American politician (born 1978)

Matthew Ryan Koch (born May 11, 1978) is an American politician serving as a Republican member of the Kentucky House of Representatives from Kentucky's 72nd House district. His district includes Bourbon, Fleming, and Nicholas County.

== Background ==
Koch was born in Paris, Kentucky, and graduated from Bourbon County High School. He went on to attend the Kentucky Horseshoeing School, before earning a Bachelor of Science in agriculture from the University of Kentucky College of Agriculture, Food, and Environment. Koch graduated with no student debt, and paid his way through college by working as a farrier.

In 2000, Koch served in the United States Marine Corps, and was deployed to Kosovo and Afghanistan. In 2004, he retired with the rank of captain.

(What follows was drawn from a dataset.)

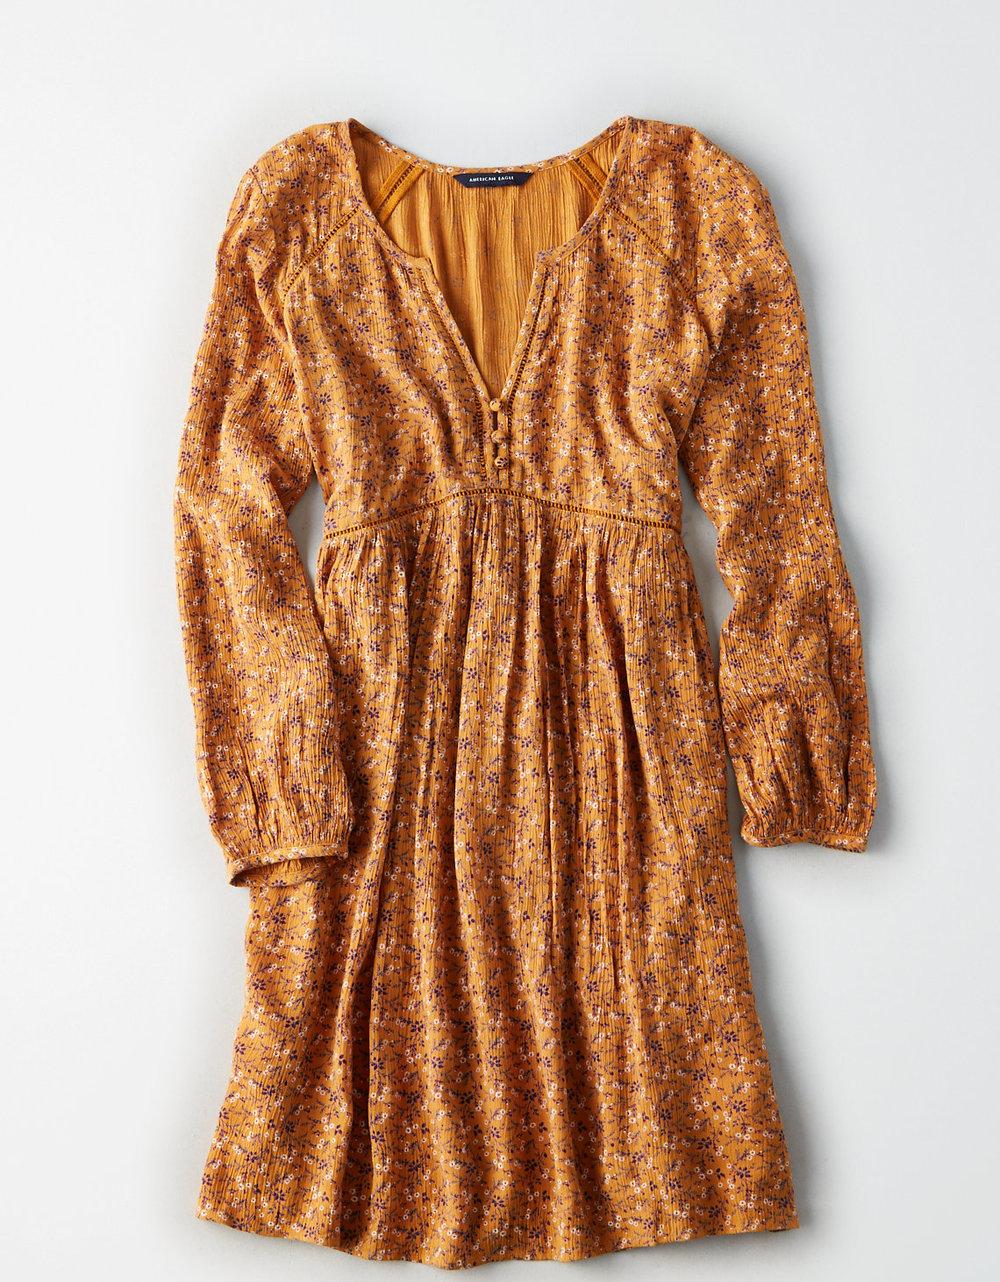 FLORAL SHIFT DRESS - @americaneagle

In 2004, Koch began his own thoroughbred operation out of his parents' farm while still working as a farrier. In 2005, he co-founded Shawhan Place, a horse breeding and boarding farm located in Paris which he has co-owned ever since. He also serves as a board member of the Kentucky Thoroughbred Association.

== Political career ==

=== Elections ===

- 2018 Incumbent representative Sannie Overly chose not to seek reelection to Kentucky's 72nd House district. Koch was unopposed in the 2018 Republican primary and won the 2018 Kentucky House of Representatives election with 8,578 (51.3%) against Democratic candidate Emily Ferguson and Libertarian candidate Ann Cormican.
- 2020 Koch was unopposed in the 2020 Republican primary and won the 2020 Kentucky House of Representatives election with 13,268 votes (65.4%) against Democratic candidate Todd Neace.
- 2022 Koch was unopposed in both the 2022 Republican primary and the 2022 Kentucky House of Representatives election, winning the latter with 10,984 votes.
- 2024 Koch was unopposed in both the 2024 Republican primary and the 2024 Kentucky House of Representatives election, winning the latter with 15,453 votes.